Arbitration Court. The honorable member knows that when both parties appearing in a ease before the industrial Court are opposed to the appearance of legal practitioners, legal representatives are in the Court and sit directly behind the employers' representative, and actually speak to the Court through their representative. Legal gentlemen thus appearing do not do it for amusement, but because they are paid, and when they occupy a seat behind the employers' representative they conduct the case in just the same way as if they were sitting at the table. Some years ago, when a petition was lodged to upset a Senate election, an incident occur ed which will illustrate my point. Under the electoral code it is clearly and distinctly provided that no legal practitioner shall appear in an appeal case without the consent of both parties. In the case to which I have referred, I was an interested party and objected to the appearance of legal practitioners, particularly in the preliminary hearing. In the appeal, which was heard before Mr. Justice Barton, four persons were involved, and when we met in the Judge's chambers I was surprised to find that the three gentlemen I was petitioning against walked in with solicitors to assist them. I raised the point as to whether counsel could appear, at least at the preliminary proceedings, and I was informed that they could not. Although counsel did not actually conduct the case of these men, it was noticed throughout the proceedings that not one of them attempted to speak without consulting counsel. That is what is being done in the industrial Court, and, there is only one way to keep them out, and that is by inserting such a provision as I have suggested.


Mr Brennan - Then it will be necessary to fix a radius of 5 miles.


Mr BLUNDELL - I am not dealing with the absurdities of the position.


Mr Brennan - There would be nothing left.


Mr BLUNDELL - The honorable member had better inform the trade unionists who desire this particular amendment that it is absurd and silly, as they know where the boot pinches, and* who has to pay for the work done. I know why organizations engage legal assistance, and if honorable members had sat in the Court as I have in connexion with industrial cases, they would understand the position. The employers' representative sits at the table with a leading solicitor behind him, and it is felt that the employees' representative might just as well also have the assistance of counsel.The average trade union secretary, or member of the trade union, could appear in these cases and do just as well as a legal practitioner, but foolishly they have the assistance of counsel, with the result that they spend their accumulated funds, and very often have to make a levy.


Mr Brennan - In two years' time a union secretary will become as bad as a lawyer.

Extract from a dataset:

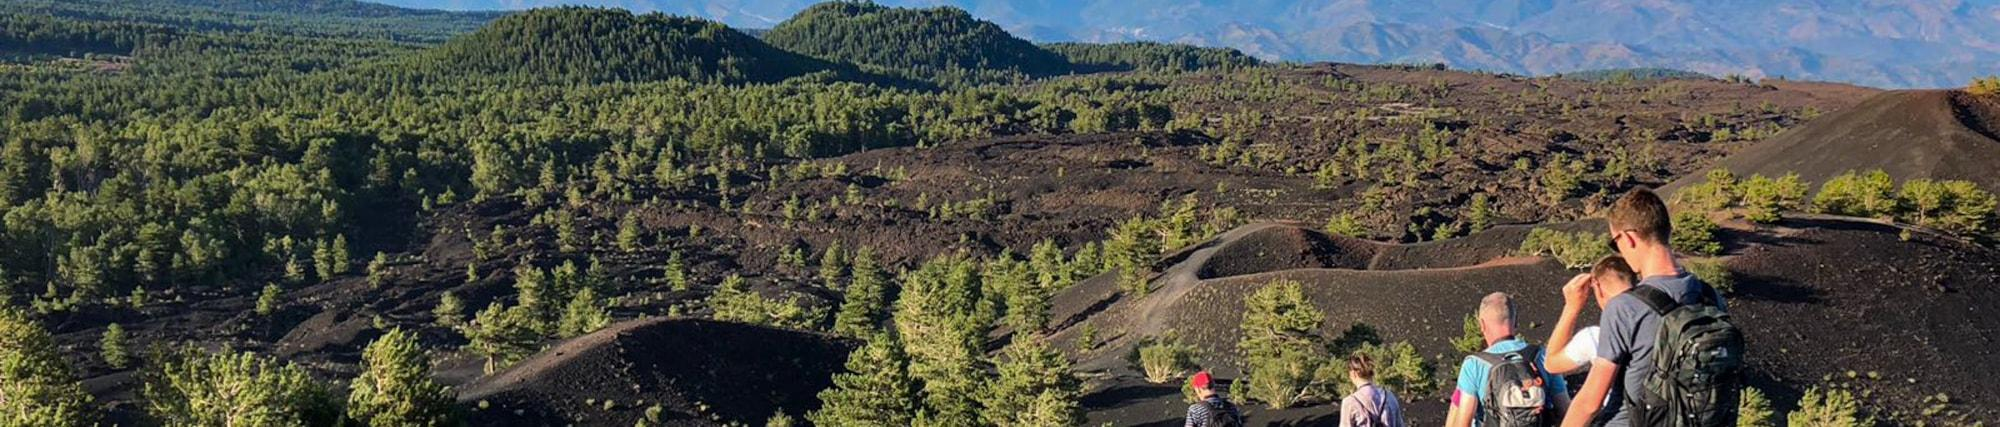 Trekking tra i crateri del Monte Etna

Mr BLUNDELL - I do not think that any trade union secretary is likely to become as bad as a lawyer. I ask the House to realize that if we desire to make industrial legislation effective and prevent trade unionists from preaching the doctrine of direct action, we shall have to show them that arbitration is cheap, and that it will not cost them as much to go to the Court as it will to strike. Honorable members opposite know as well as I do that in many cases it has cost industrial unions as much to appear before the ArbitrationCourt as a strike would have involved. In the Bootmakers' and Builders' Labourers cases five or six strikes could have been successfully carried out for the money that was spent in going to the Court, and the industrial unionists of to-day that adopt constitutional methods have to pay as much as if they went on strike. In disputes between employees and employers, unionists do not desire to go to the Court, knowing that legal technicalities in every shape or form will be raised, and one of the best means of making arbitration effective is by inserting a provision to debar legal men from appearing. It is also very desirable that provision should be made to prevent industrial cases being heard in a building that resembles a Court, or before a person who is associated with the legal profession. The amendment I have moved has the support of trade unionists, and as it will be the means of facilitating the hearing of cases I ask honorable members to accept it.